Absent an express contractual agreement, it is necessary to look to whether the parties’ conduct stemmed from independent decisions or from any form of horizontal agreement tacit or express agreement. Theatre Enterprises, Inc v. Paramount (at 149). The agreement does not need to be express or specified in a contract. Interstate Circuit v. United States (144-147). The parties not need to be contract signatories. All the agreement/conspiracy needs to be is a mutual understanding of the parties to combine or limit their efforts to restrict trade. This can be shown by evidence that: (1) the proposed restrictions constituted a departure from prior practice; (2) the nature of the proposals made on behalf of the parties; (3) the manner in which the proposals were made; (4) the amount of unanimity of action taken by the parties; or (4) the availably of witnesses who would have had knowledge of the existence or non-existence of this type of business agreement. Interstate Circuit v. United States (145). Using these factors with the available facts, it appears that the parties have a mutual understanding to limit their efforts in a way that will restrict trade. To negate these factors we would need evidence that the parties were acting consistently with prior practice, that there were no proposals made by either party (that they were just stating their intent), that the dinner conversation was among friends and was not an orchestrated dinner, that ABC and XYZ can act independently, and we would need the correct witnesses willing to testify that the companies were not acting pursuant to any agreement.

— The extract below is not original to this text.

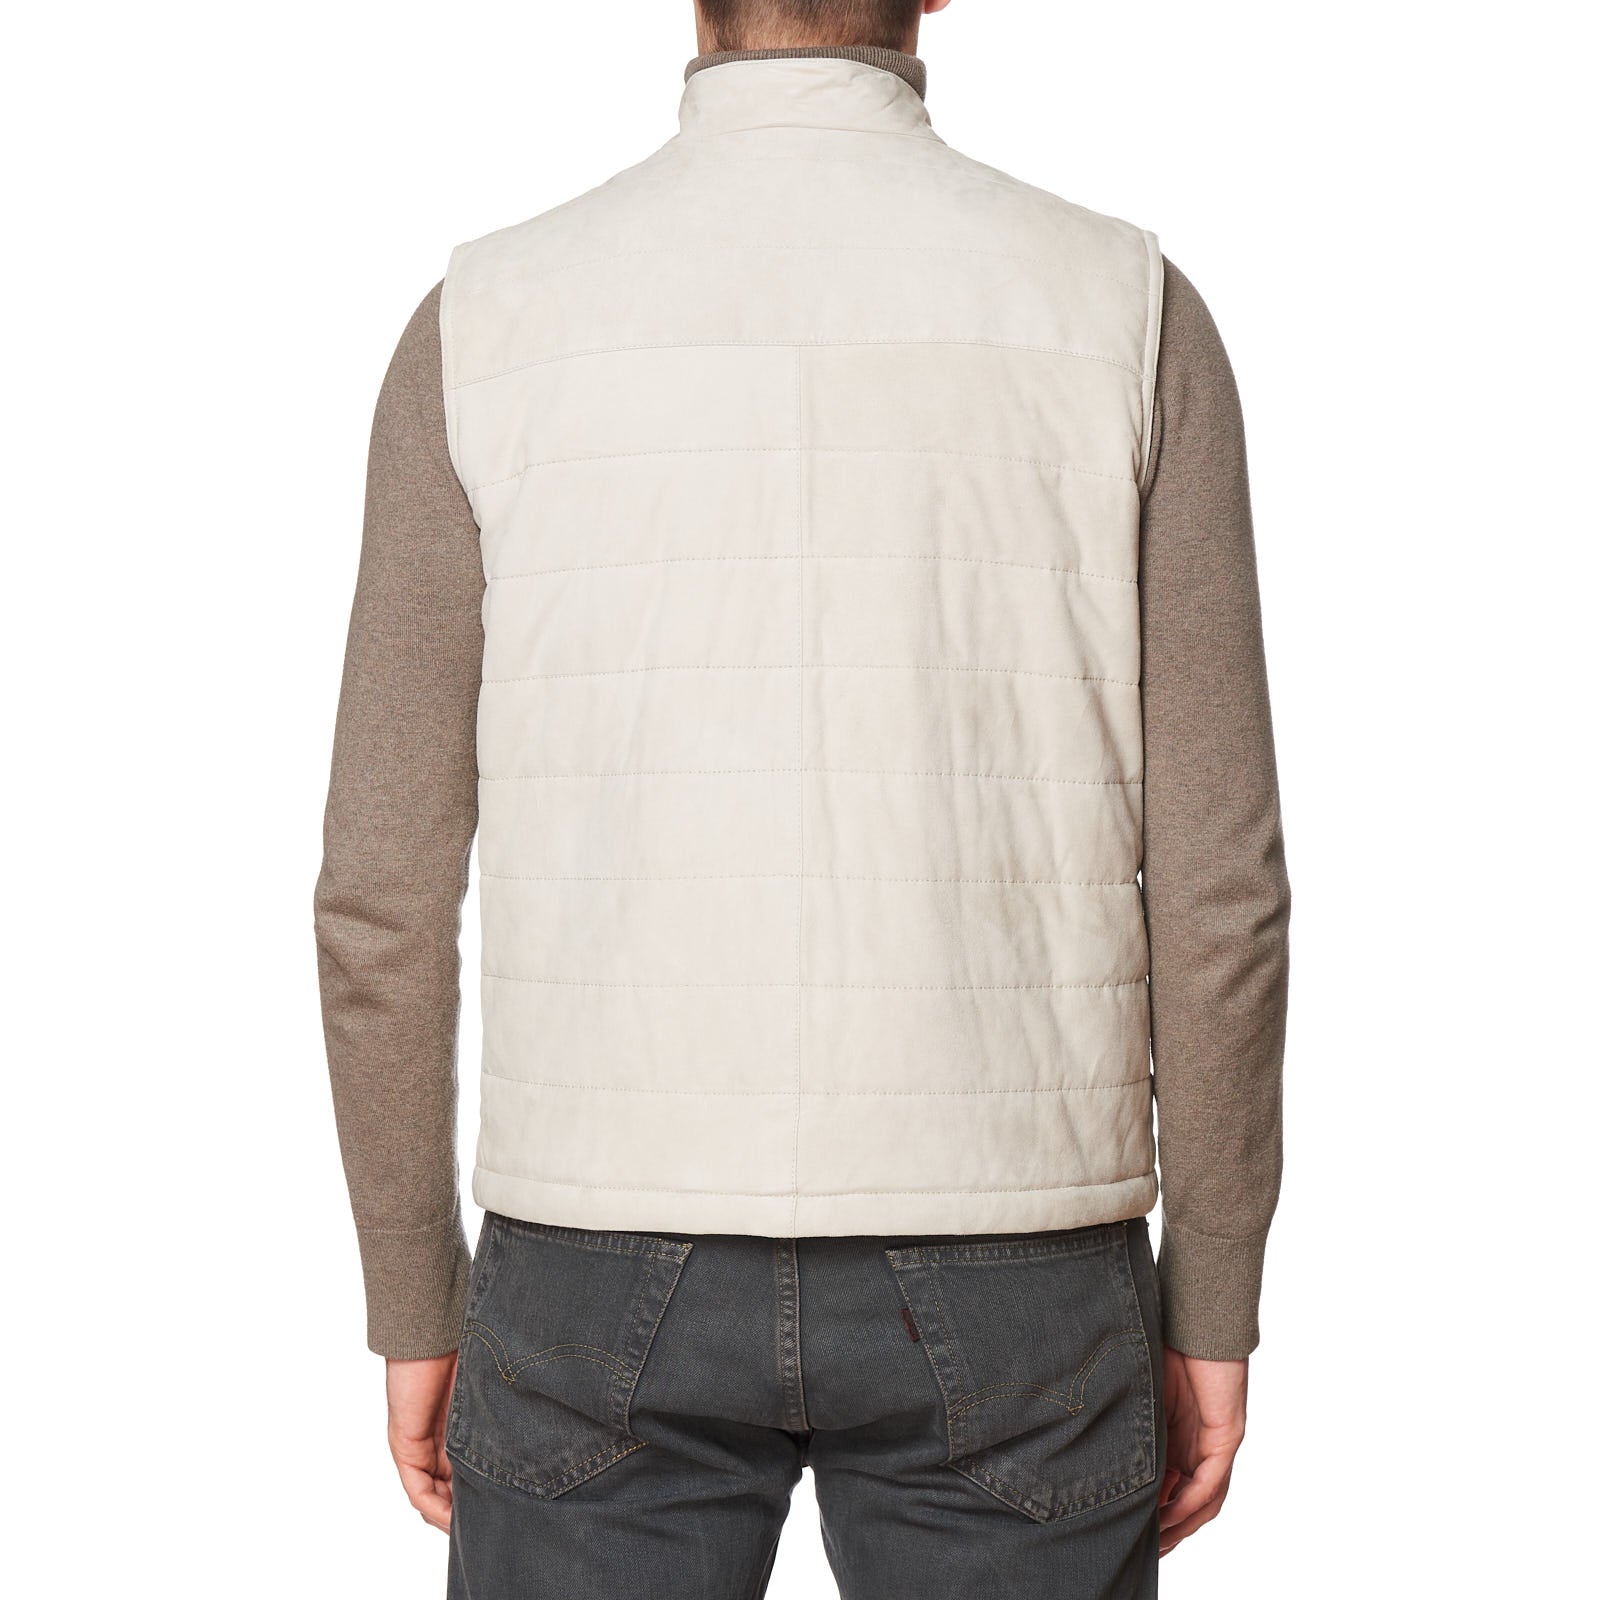 KITON KIRED "Est" Light Gray Lambskin Leather Vest 50 M KIRED

This may become a case where the parties would try to argue conscious parallelism, where factors other than collusion can explain the market division. Theatre Enterprises, Inc v. Paramount (at 150). As the Theatre Enterprises court pointed out, proof of parallel business behavior does not itself constitute a violation of the Sherman act. (at 150) However, in this case, there are some potentially dangerous plus factors against ABC. A plus factor is any fact that may make the inference of collusion stronger than the inference of choice. (147) In our case that fact that: (1) Jane and Jason had dinner where they discussed market decisions; (2) Jason told Linda that ABC had reached a deal with XYZ; (3) there is an agreement of professional courtesy to inform a competitor about market entrance; and (4) the fact that there is an email where Jason specifically said that ABC will be “confining…efforts” to a different part of the market than Jane. These factors seem to strongly weigh in favor of a conspiracy or a meeting of the minds – there is at least enough evidence to pass the Twombly pleading standard.

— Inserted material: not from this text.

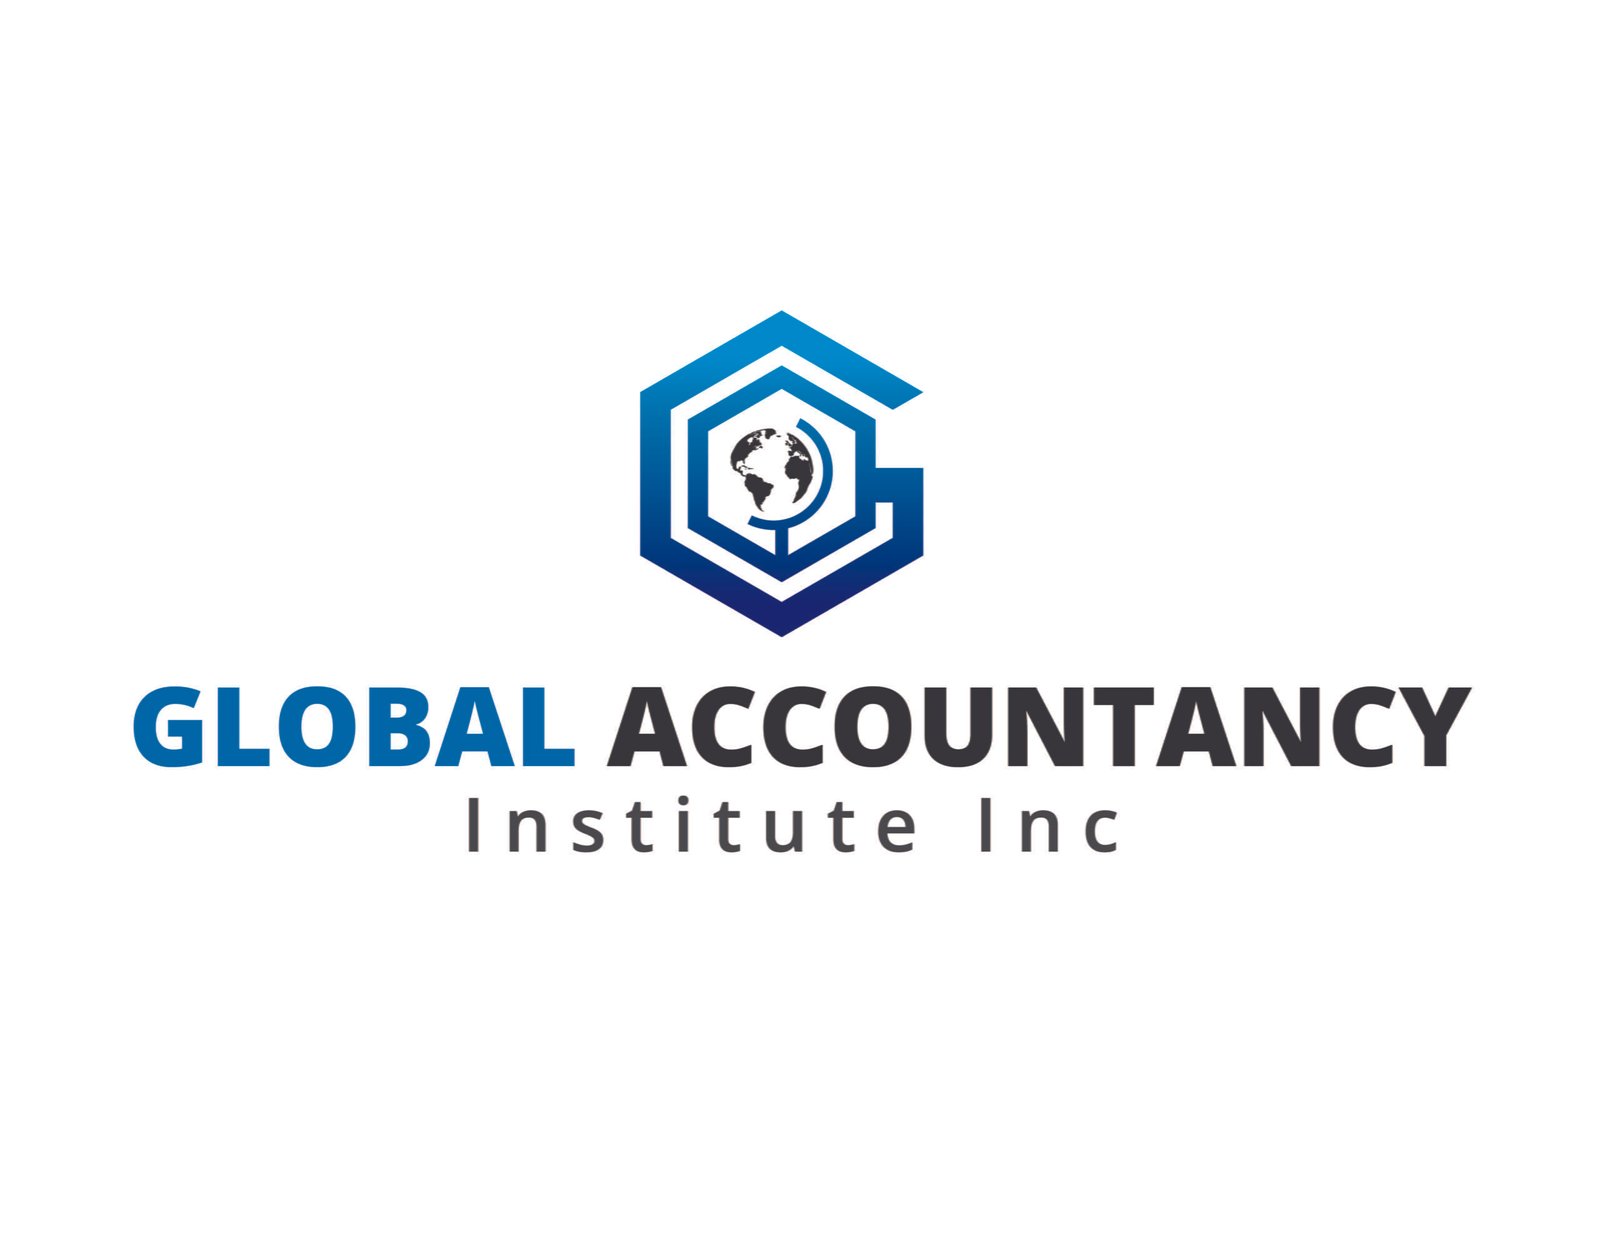 Global Accountancy Institute,Inc.

Absent facts to the contrary, there appear to be sufficient facts to begin an antitrust suit against ABC and XYZ. Under Sherman 1 there does not need to be an express agreement, all that is needed is more of a meeting of the minds over the idea of the conspiracy. It is still a violation of the Sherman act even if the conspiracy is not successful. If we can compile more facts in ABCs favor, this may be a difficult case for the plaintiff. Companies are not restricted from making sound business decisions – they are restricted from conspiring to restrict trade. If ABC can prove that it made its decision to focus on desktop units independently from XYZs, then there should not be a case against ABC. Even if ABC made its decision after it heard that XYZ was confining its efforts, this should be ok – this would be a wise business decision. Antitrust laws are not aimed at preventing companies from making wise business decisions; they are aimed at preventing unlawfully trade restricting ones.

Advice to Luke’s investment firm: tread carefully. Either cut your losses or make it very clear to everyone involved that there is no agreement between ABC and XYZ.